Multiview visual forecasting and planning by world model. At time step \( T \), the world model imagines the multiple futures at \(T+K\), and finds it is safe to keep going straight at \(T\). Then the model realizes that the ego car will be too close to the front car according to the imagination of time step \(T + 2K\), so it decides to change to the left lane for a safe overtaking.
In autonomous driving, predicting future events in advance and evaluating the foreseeable risks empowers autonomous vehicles to better plan their actions, enhancing safety and efficiency on the road. To this end, we propose Drive-WM, the first driving world model compatible with existing end-to-end planning models. Through a joint spatial-temporal modeling facilitated by view factorization, our model is the first to generate high-fidelity multiview videos in driving scenes. Building on its powerful generation ability, we showcase the potential of applying the world model for safe driving planning for the first time. Particularly, our Drive-WM enables driving into multiple futures based on distinct driving maneuvers, and determines the optimal trajectory according to the image-based rewards.
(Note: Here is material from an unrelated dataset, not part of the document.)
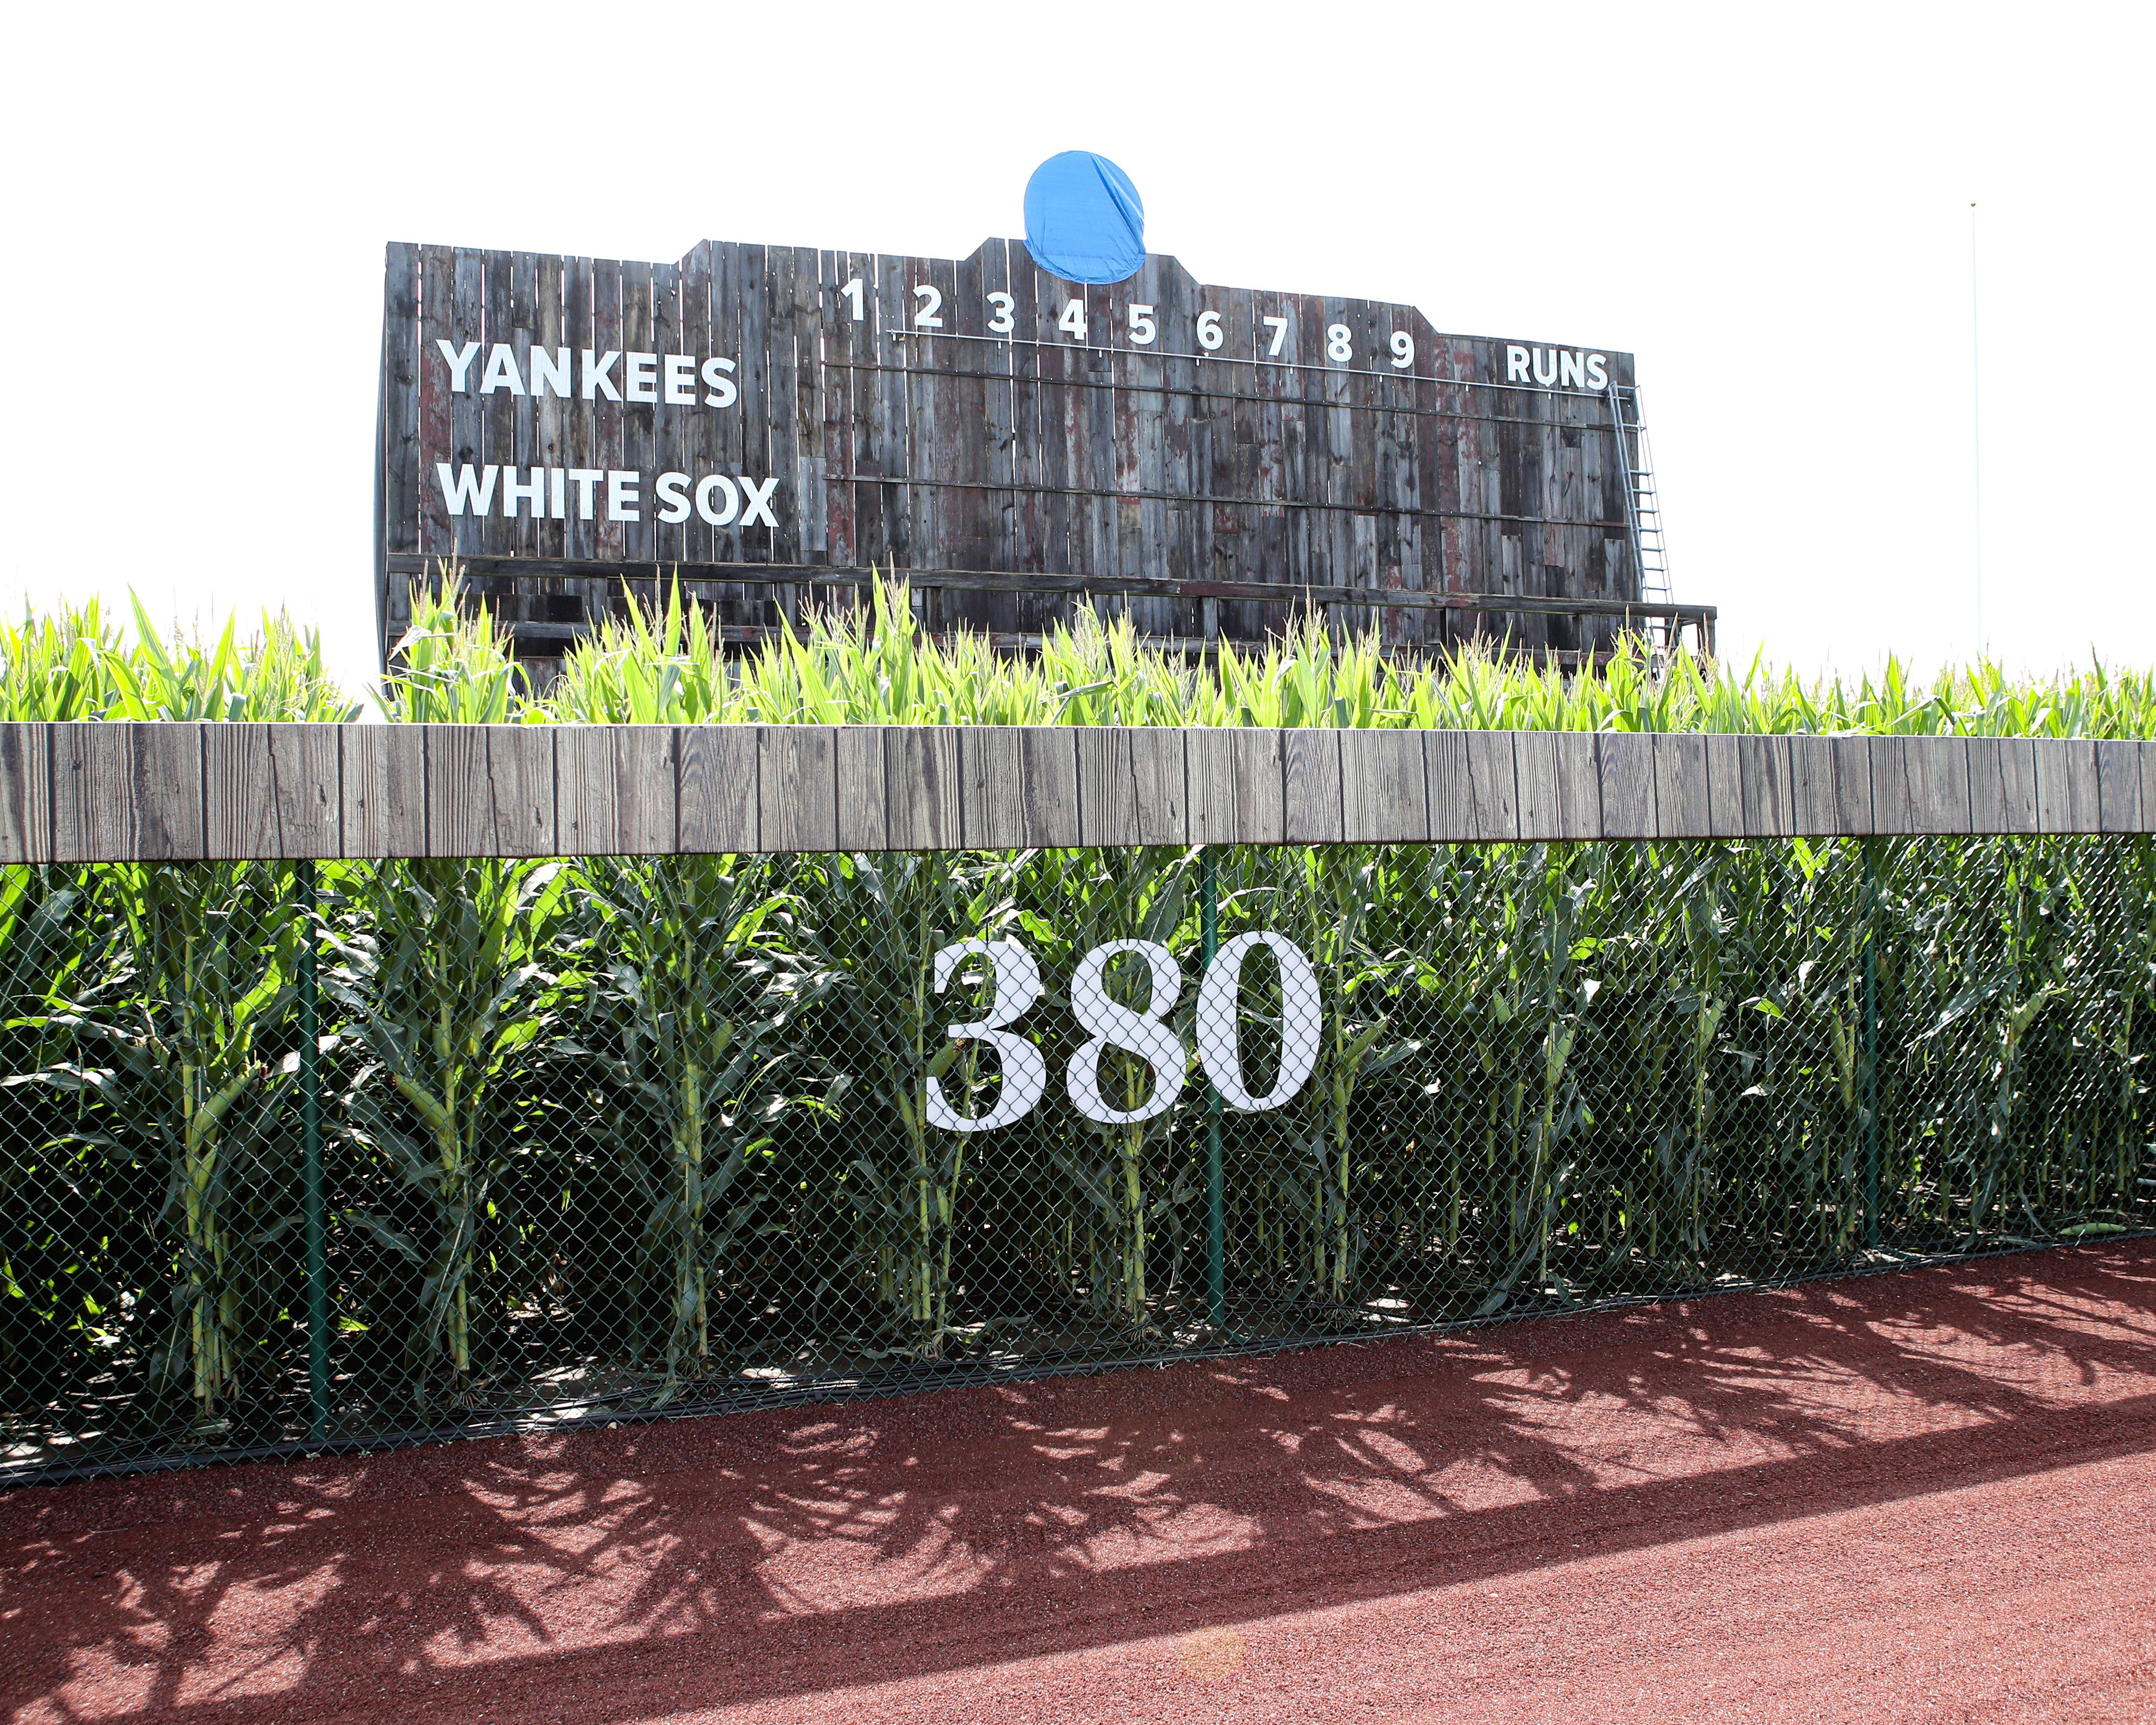 The outfield wall of the Field of Dreams in Dyersville, Iowa with a wooden scoreboard in the background

Evaluation on real-world driving datasets verifies that our method could generate high-quality, consistent, and controllable multiview videos, opening up possibilities for real-world simulations and safe planning.
Overview of the proposed framework. (a) illustrates the training and inference pipeline of the proposed method. (b) visualizes the unified conditions leveraged to control the generation of multi-view video. (c) represents the probabilistic graph of factorized multiview generation. It takes the 3-view output from (a) as input to generate other views, enhancing the multi-view consistency.
End-to-end planning pipeline with our world model. We display the components of our planning pipeline at the top and illustrate the decision-making process in the planning tree using image-based rewards at the bottom.